Ankara continue son indésirable soutien au terrorisme islamiste


jeudi 25 août 2016
par Azouz Benhocine


Contrairement à ce qui est amplement diffusé, aucun combat n’a eu lieu le mercredi 23 août à Jarabulus, la petite bourgade située à l’ouest de l’Euphrate et au nord de la Syrie. Encore une fois, le régime islamo-conservateur d’Ankara, allié stratégique du terrorisme qui sévit aussi bien en Irak qu’en Syrie, a frappé un coup médiatique largement relayé par les organes corporatifs et hégémoniques dans l’opinion mondiale. Comme il a porté un cuisant blocage des forces démocratiques réellement présentes sur le front de la guerre contre #ISIS en Syrie, que conduisent les kurdes avec les FDS, dont nous avons présentés leur importante utilité dans cet article.

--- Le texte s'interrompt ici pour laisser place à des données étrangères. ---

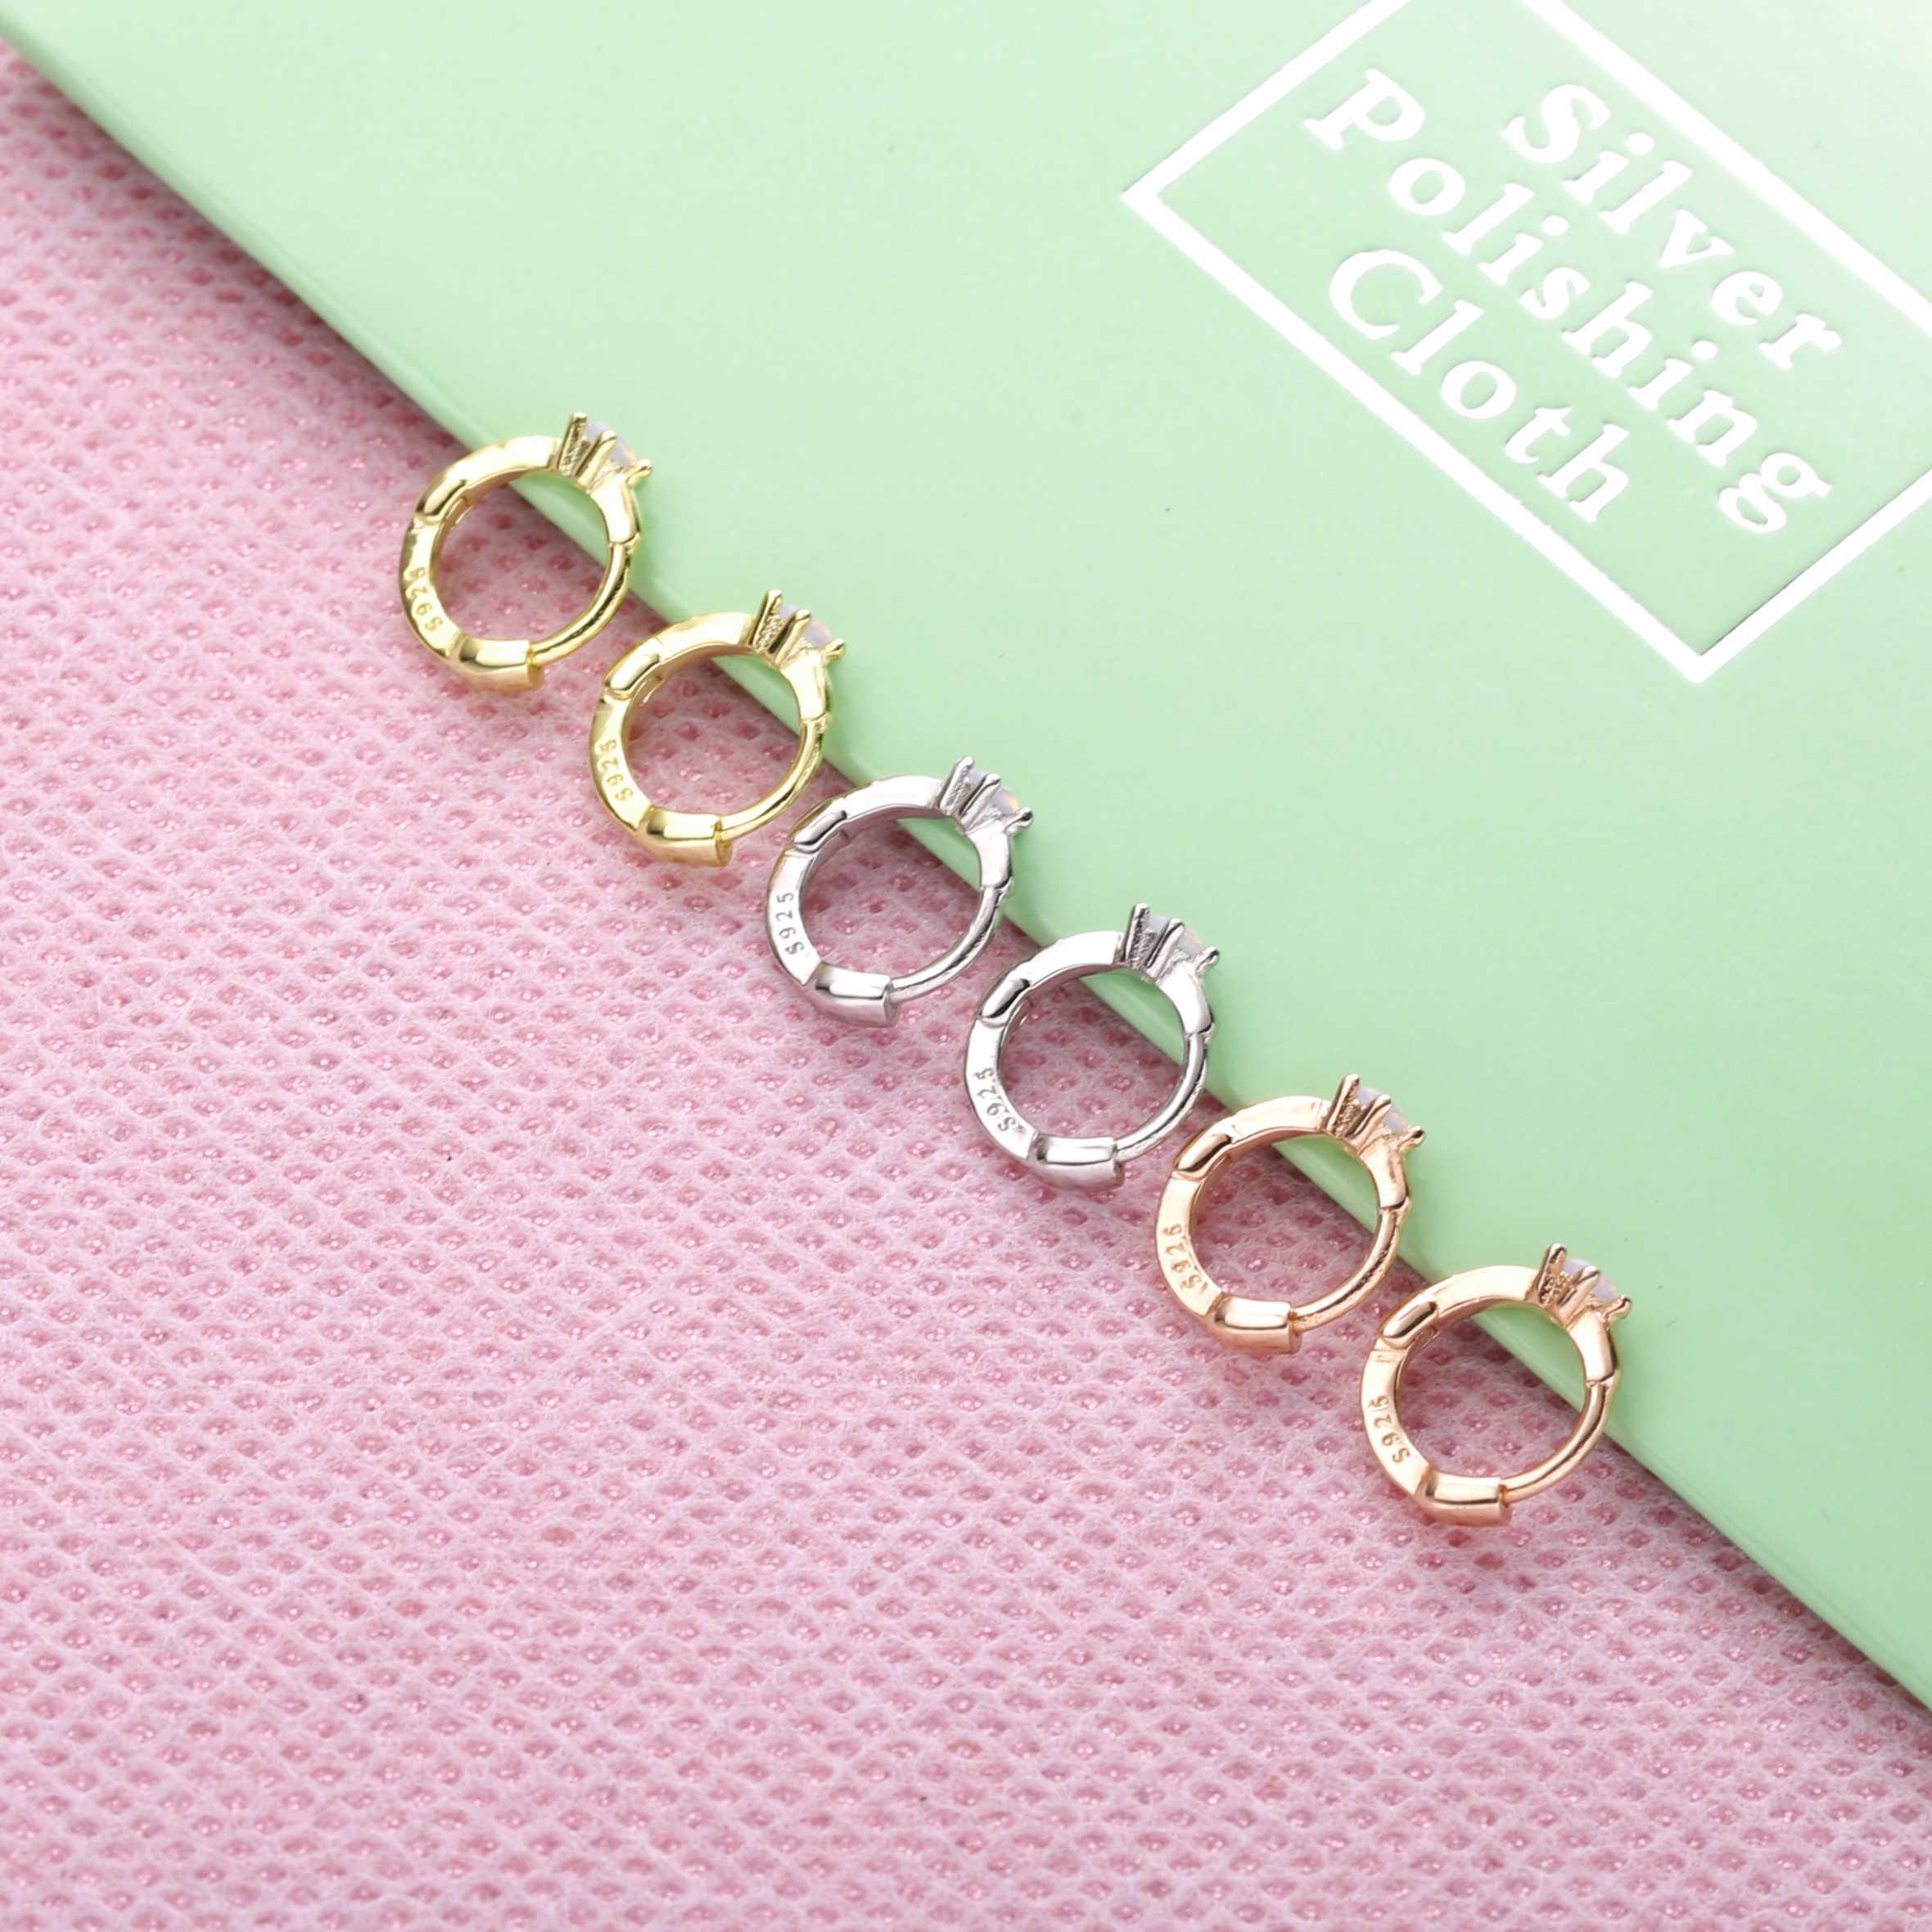 Slovecabin 925 Sterling Silver Baik Hoops Mini Lingkaran Lingkaran Wanita Anting-Anting Batu Opal Kristal Warna-warni Pelangi Zircon CZ Perhiasan

L’incursion des tanks turcs a plus servi à sauver l’EI (Etat Islamique) que de l’attaquer. Lequel était vraiment sur le point d’être vaincu par l’alliance FDS. Vraisemblablement aucun coup de feu ou obus n’a été tiré et pas la moindre résistance, alors que les médias corporatifs affidés aux pays occidentaux disent que les soldats d’Ankara ont battu les terroristes du Daesh.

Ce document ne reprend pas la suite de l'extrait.